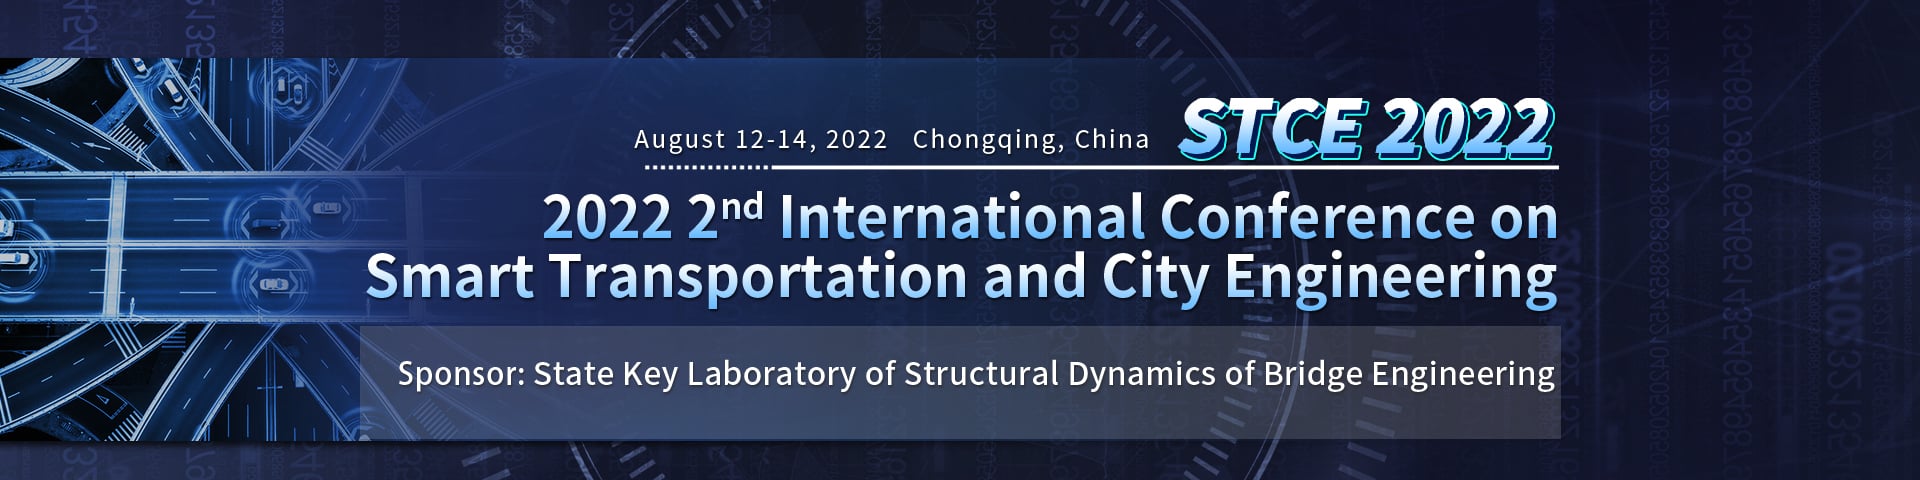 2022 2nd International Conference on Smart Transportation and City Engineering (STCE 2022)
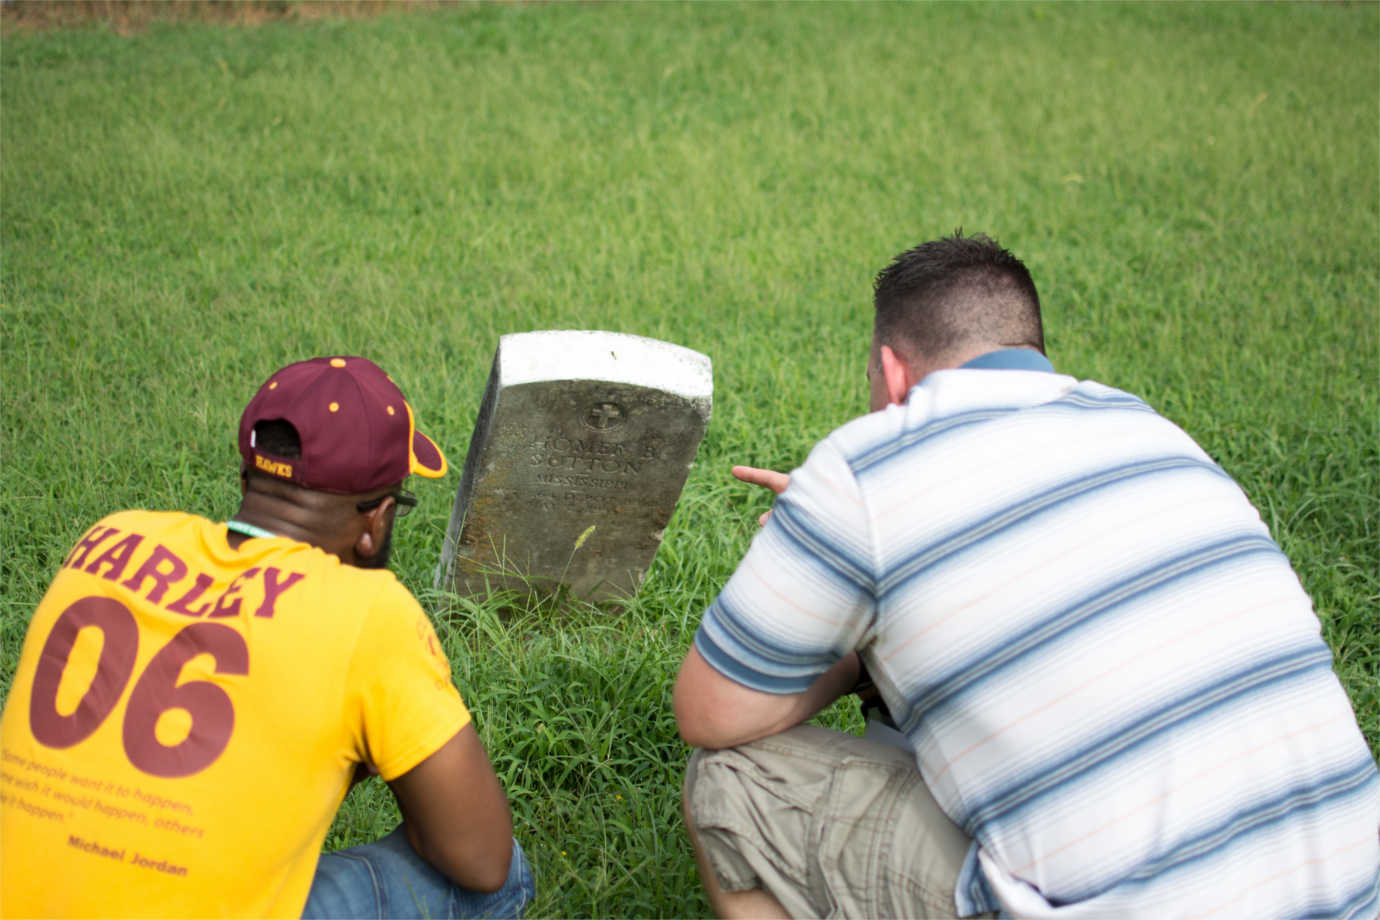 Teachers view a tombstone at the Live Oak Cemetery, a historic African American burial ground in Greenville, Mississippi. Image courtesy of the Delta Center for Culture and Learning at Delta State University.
┄┄┄┄┄┄┄┄┄┄┄┄┄┄┄┄┄┄┄┄
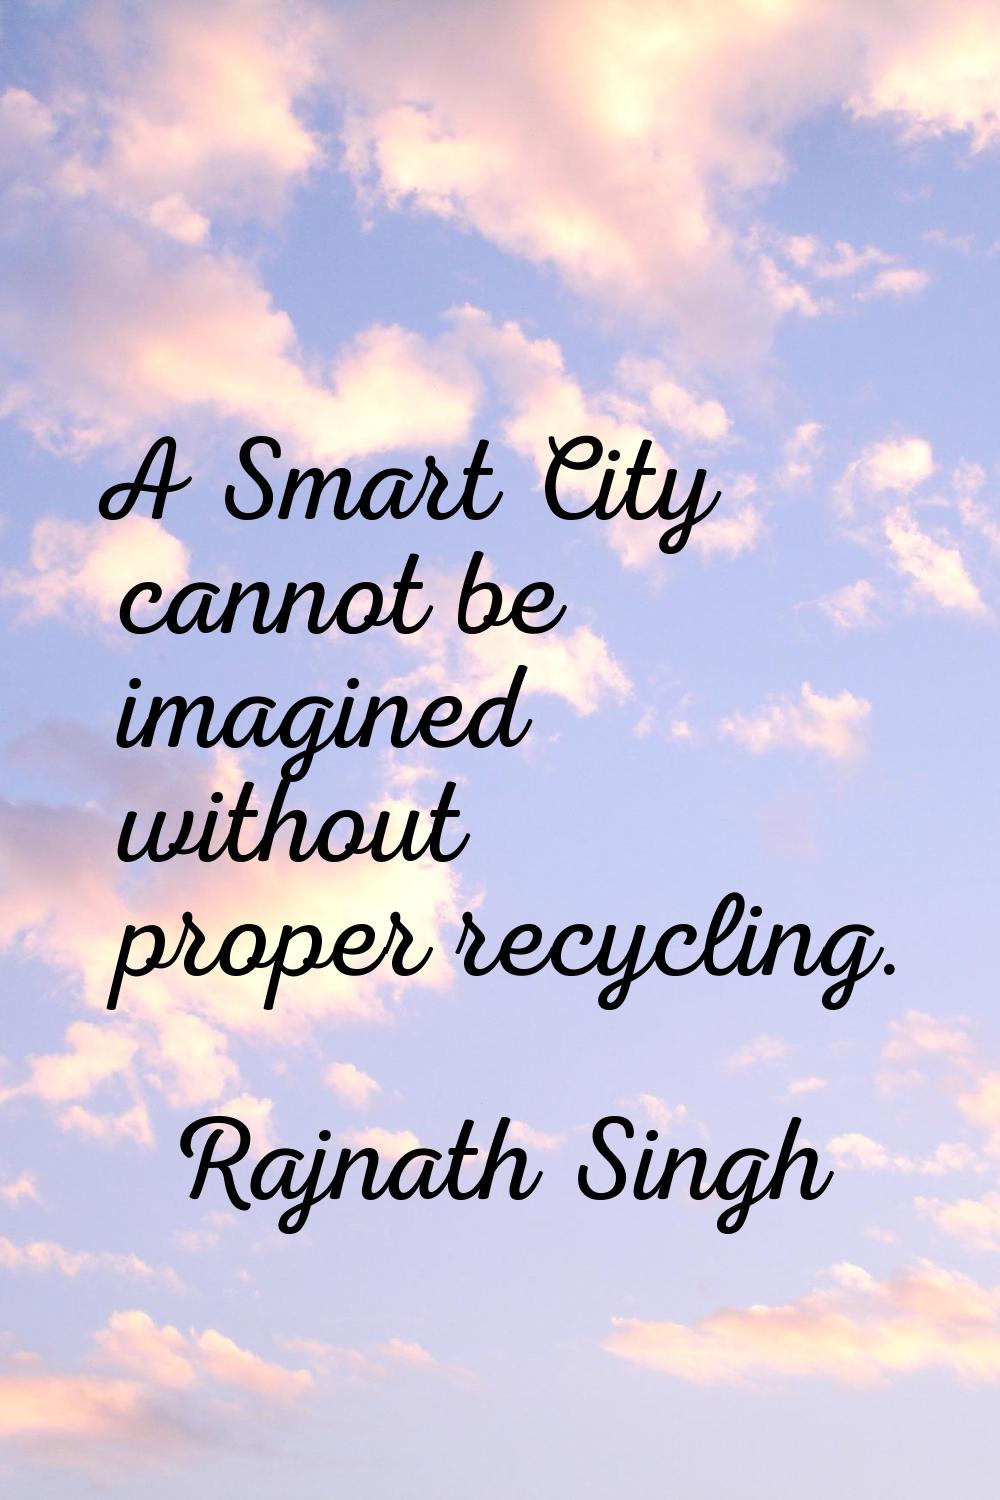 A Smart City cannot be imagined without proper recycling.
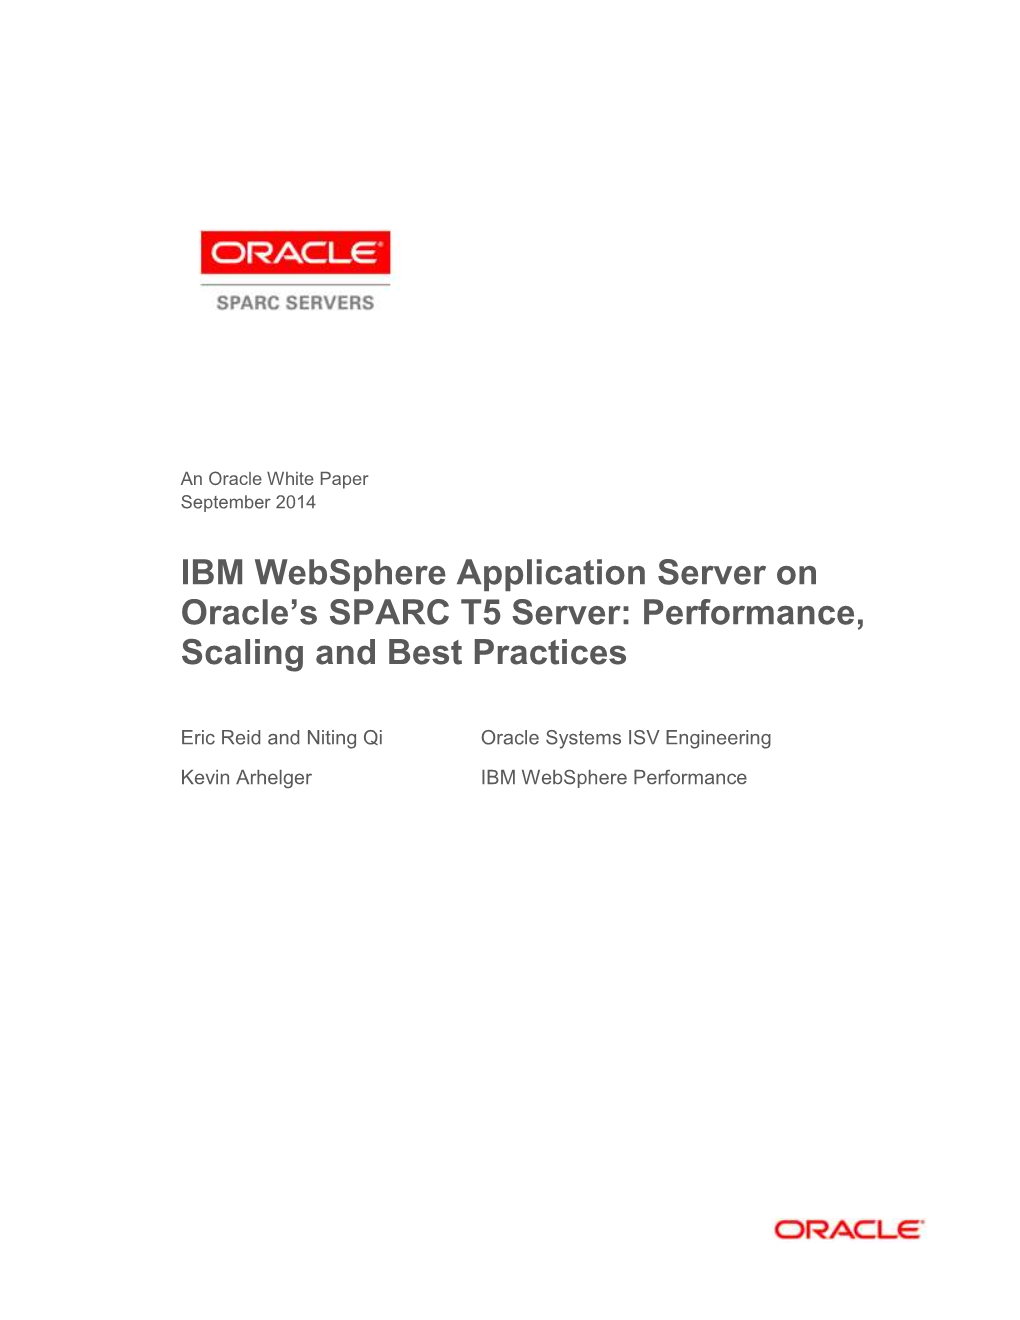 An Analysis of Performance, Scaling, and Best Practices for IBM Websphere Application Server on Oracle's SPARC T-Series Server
┄┄┄┄┄┄┄┄┄┄┄┄┄┄┄┄┄┄┄┄
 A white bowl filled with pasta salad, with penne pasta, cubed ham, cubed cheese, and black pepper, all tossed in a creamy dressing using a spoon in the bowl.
┄┄┄┄┄┄┄┄┄┄┄┄┄┄┄┄┄┄┄┄
- [Assignment] Whatever pictures the records hold, omit them; give again exactly the lines from the one containing "A Smart City" through the one containing "An Analysis of".

- [Answer to the exercise]
 A Smart City cannot be imagined without proper recycling.
 An Analysis of Performance, Scaling, and Best Practices for IBM Websphere Application Server on Oracle's SPARC T-Series Server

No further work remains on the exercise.